Monday, May 01, 2006


The A's have just got back from another long weekend, taking advantage of what the British call the "May Day Bank Holiday", which is a bit of a swizz really because we didn't see one Maypole, nor any Morris dancers, nor even a winding procession of the starving and down-trodden proletariat. However there were lots of banks closed, but that seems to be normal over here. The only banks that seem to be open are the internet banks, but that's because it's already tomorrow in Jakarta or New Guinea or some such place.

While I shake the cobwebs off the keyboard and get back into blogging mode, I thought it would be useful just to talk a bit about mail. I'm getting quite a lot these days, which is very rewarding, and I do read them all, but if I could just set some expectations about what I can do in response. I'm averaging 30 - 40 a day, but of course after a weekend like the last one I come back to a mailbox with over a hundred, and while that is one of the nicest things about writing a blog, it can also be very daunting. As I was always taught in my English school, you should always reply to mail that you get, but as you can imagine, that can become a bit of a burden. So I'll just set out here what I can normally do in response to the different types of mail.

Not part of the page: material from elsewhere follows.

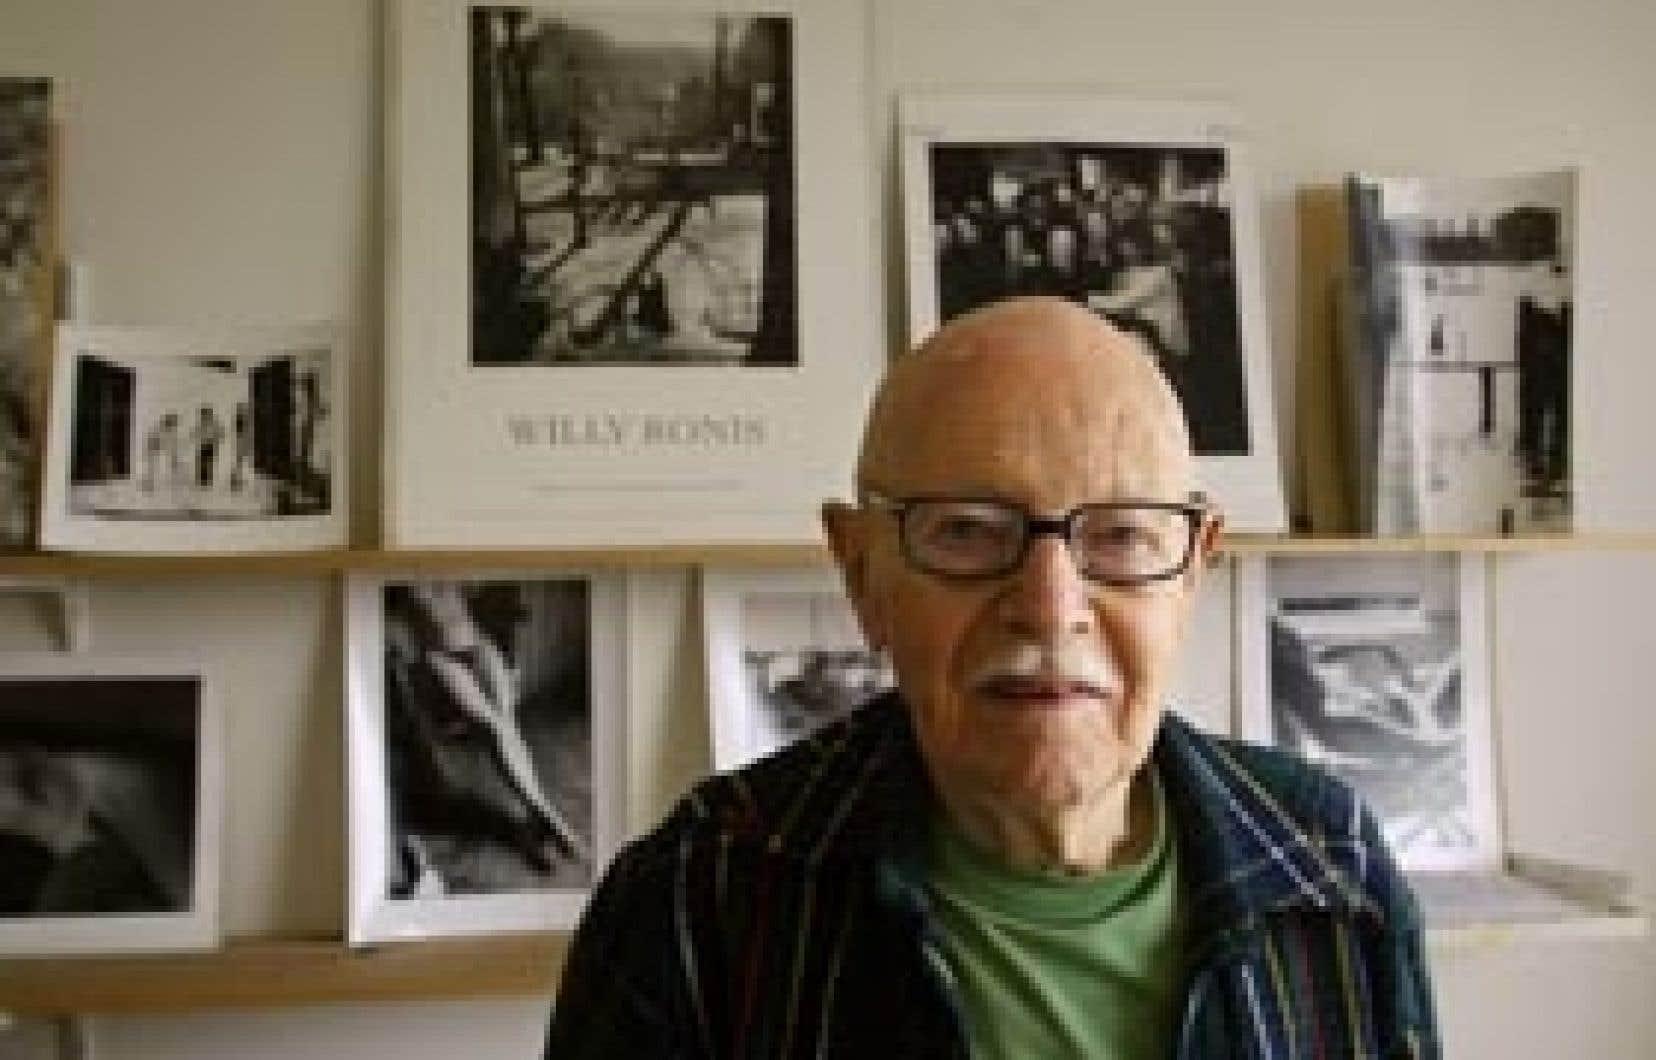 Cliché pris en 2003 de Willy Ronis dans son appartement. Il a été le premier photographe français à travailler au magazine Life et a remporté plusieurs prix pendant sa carrière.

1. The largest category, thankfully, is people just writing to say "Hello", and / or how much they enjoy the blog. Often there's a bit of a story about their related experiences, perhaps in Saudi, perhaps elsewhere. It is of course very nice to get these, and they confirm that I'm on the right track. Generally, though, I can only manage a one-liner in response. Occasionally I am able to do a little more, like put some people in touch with each other, where they appear to have something in common, but that's unusual.

2. Sometimes I get mail that is critical, but in a polite and positive way, and I welcome these equally as feedback. Often they say that I should concentrate less on something or more on something else. I do take note of what they say, and may act upon them, although of course there is no guarantee. However I would just point out that I do concentrate on Saudi Arabia, where I come from, and the United Kingdom, where I now live. I have so far managed to steer clear of Palestine and Israel, and Iraq, in spite of the temptations. Equally, I could blog forever on "Mad Ahmad" of Iran, the only loony in the asylum who's going to get his own nuclear weapon, but there aren't enough hours in the day. So it's mainly those two countries.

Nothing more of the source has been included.